The functions of CaMKII are best understood in excitable cell types such as neurons and heart muscle, where Ca2+ signaling plays a critical role in the functional output of these cells. The unique properties of CaMKII activation allow the enzyme to integrate both the frequency and amplitude of Ca2+ signaling, and translate this information into specific cellular outcomes (7-9). Well-studied substrates of CaMKII include ion channels such as AMPA receptors, voltage-gated calcium and potassium channels, and the transcription factor CREB (10-12). In the nervous system, activation of CaMKII by Ca2+ entry during high-frequency stimulus plays a crucial role in synaptic plasticity induction and maintenance (1,9,13).
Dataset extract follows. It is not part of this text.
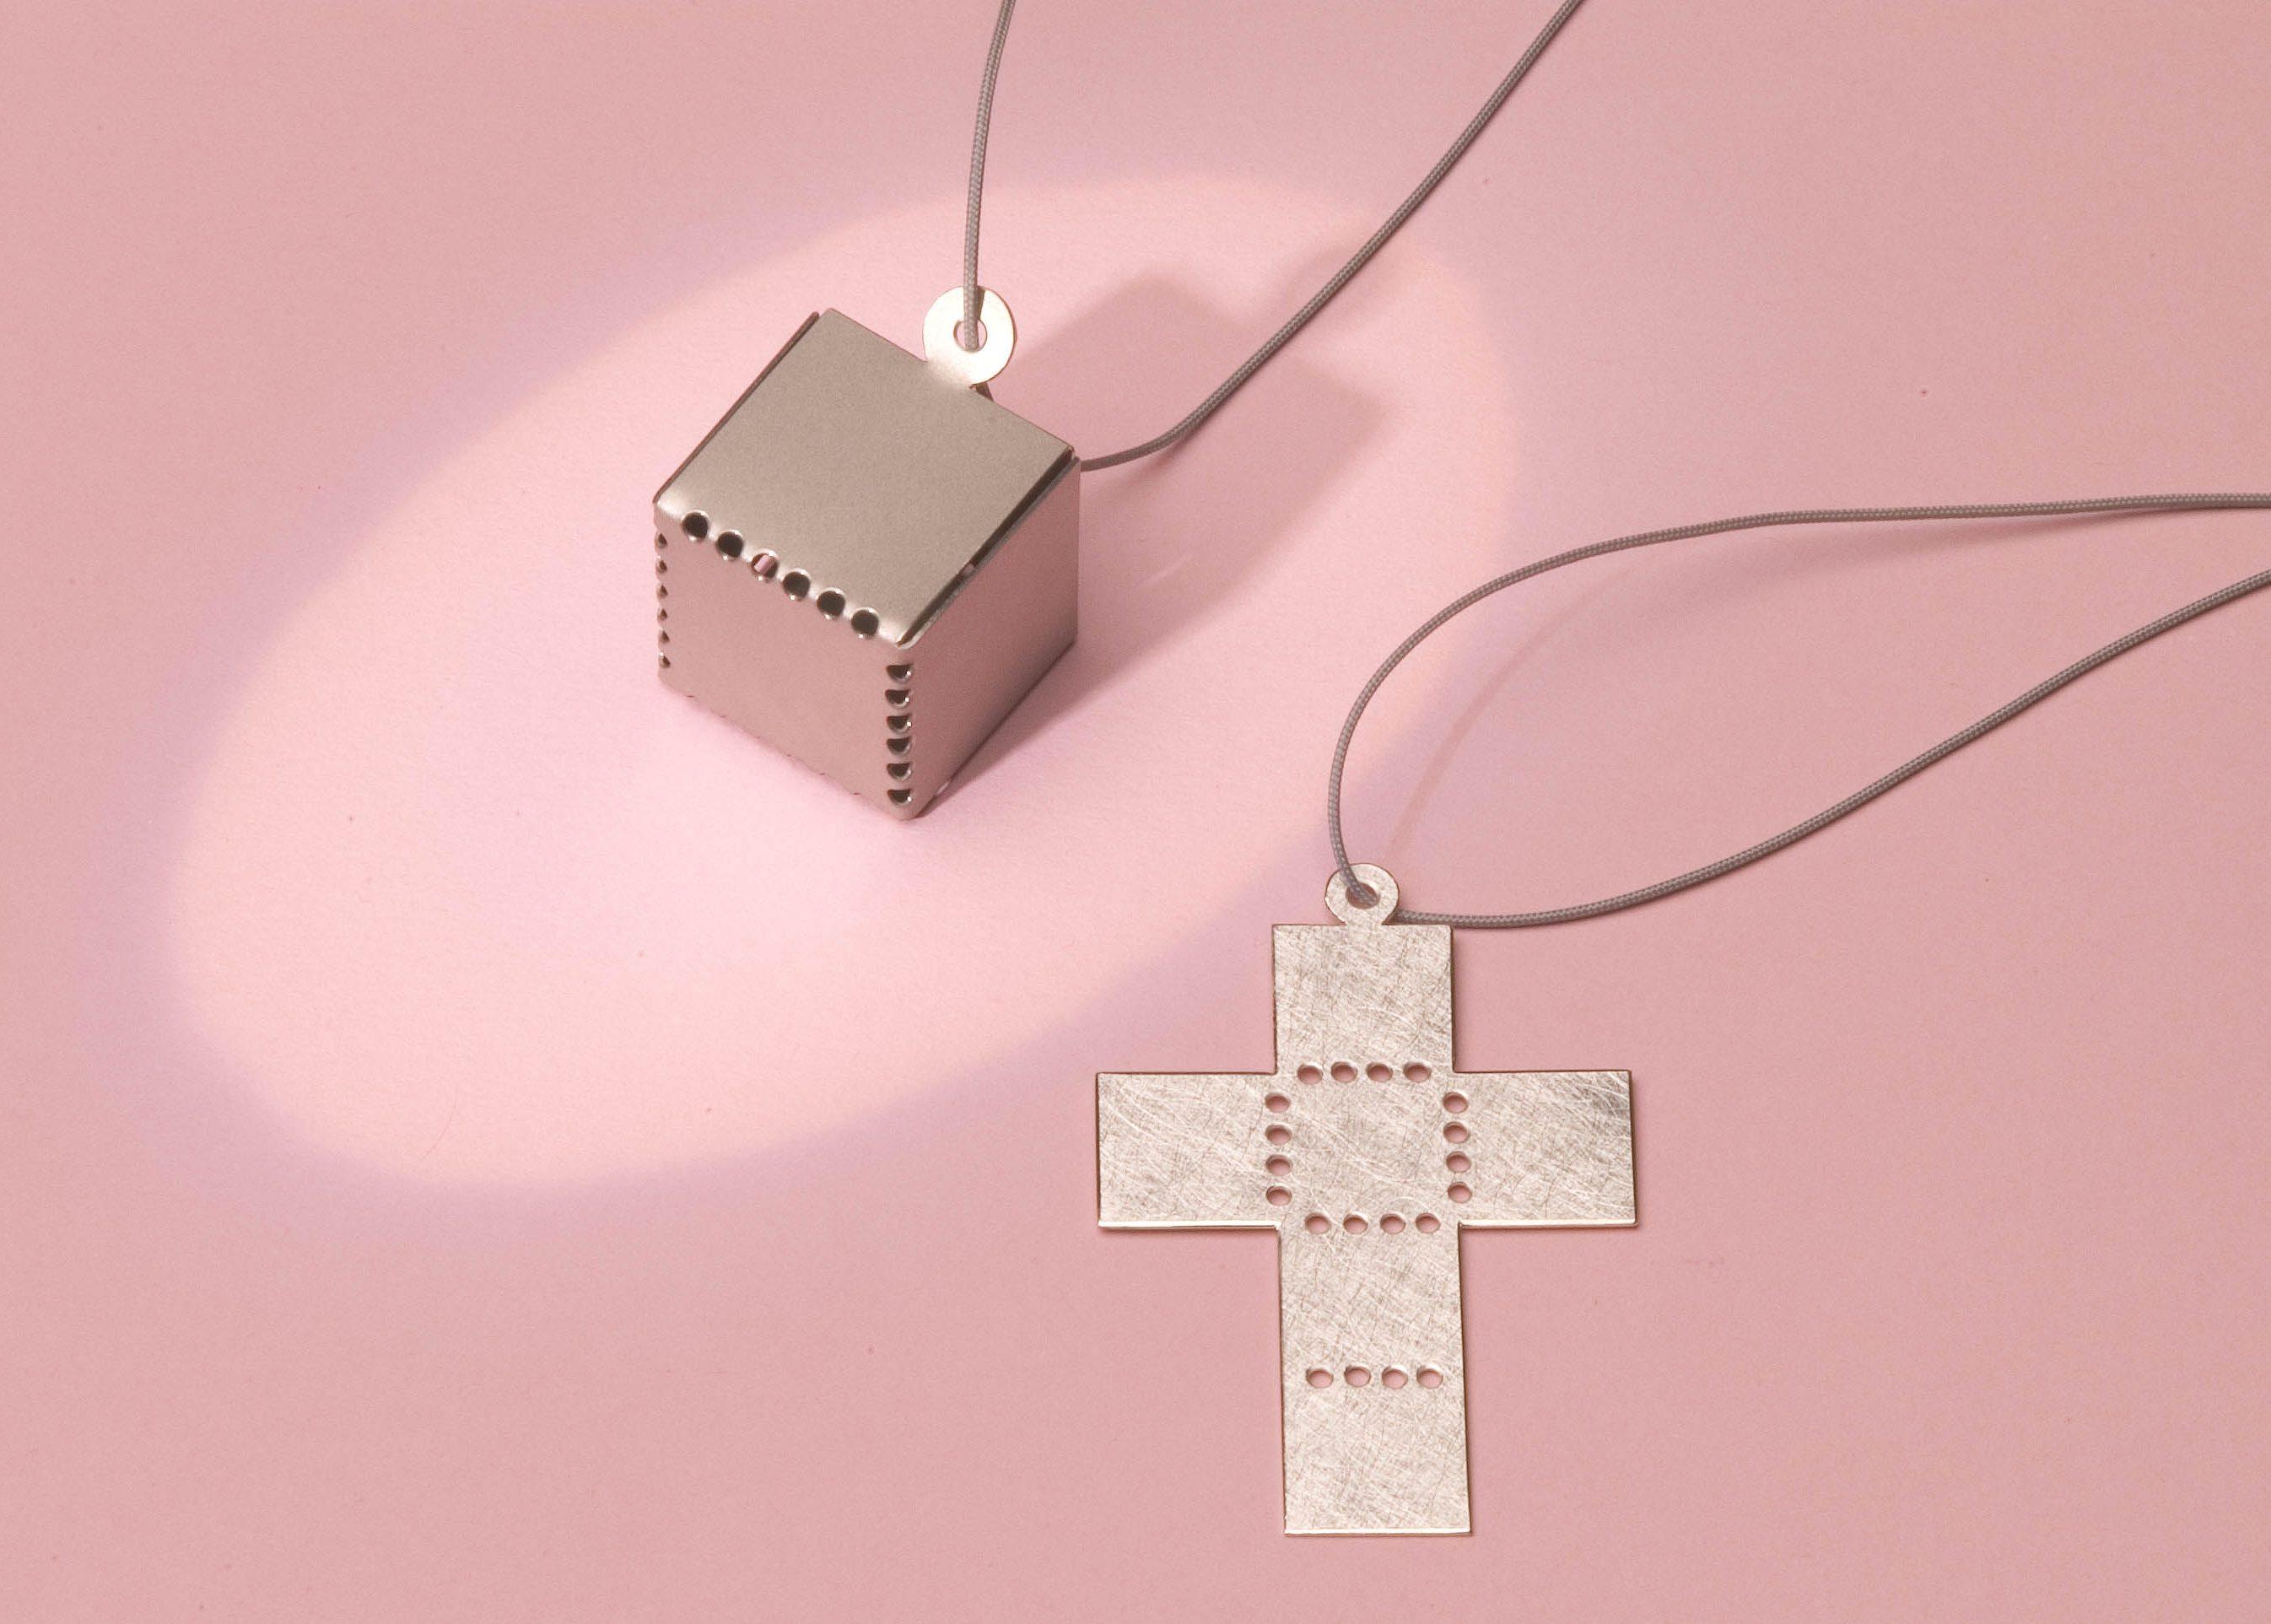 Pauline Barendse, It's just a box, hanger, 2004, metaal, koord

This fact, in conjunction with CaMKII’s autonomous function, led to the hypothesis that this kinase is a major molecular determinant of learning and memory (14). In heart muscle CaMKII is a major actor in Ca2+ homeostasis, regulating the cardiomyocyte excitability and contractility through the modulation of several channels including the L-type voltage-gated Ca2+ channel (15,16). Accordingly, recent studies determined that CaMKII deregulation is an important element in the pathogenesis of arrhythmias and heart failure (17-21), with CaMKII inhibition suggested as a potential therapy. Despite intense research in several fields for over thirty years, we still do not completely understand how the activation status of CaMKII is regulated. Thus, there is intense interest in achieving a better understanding of CaMKII regulation both from a basic science and human health perspective.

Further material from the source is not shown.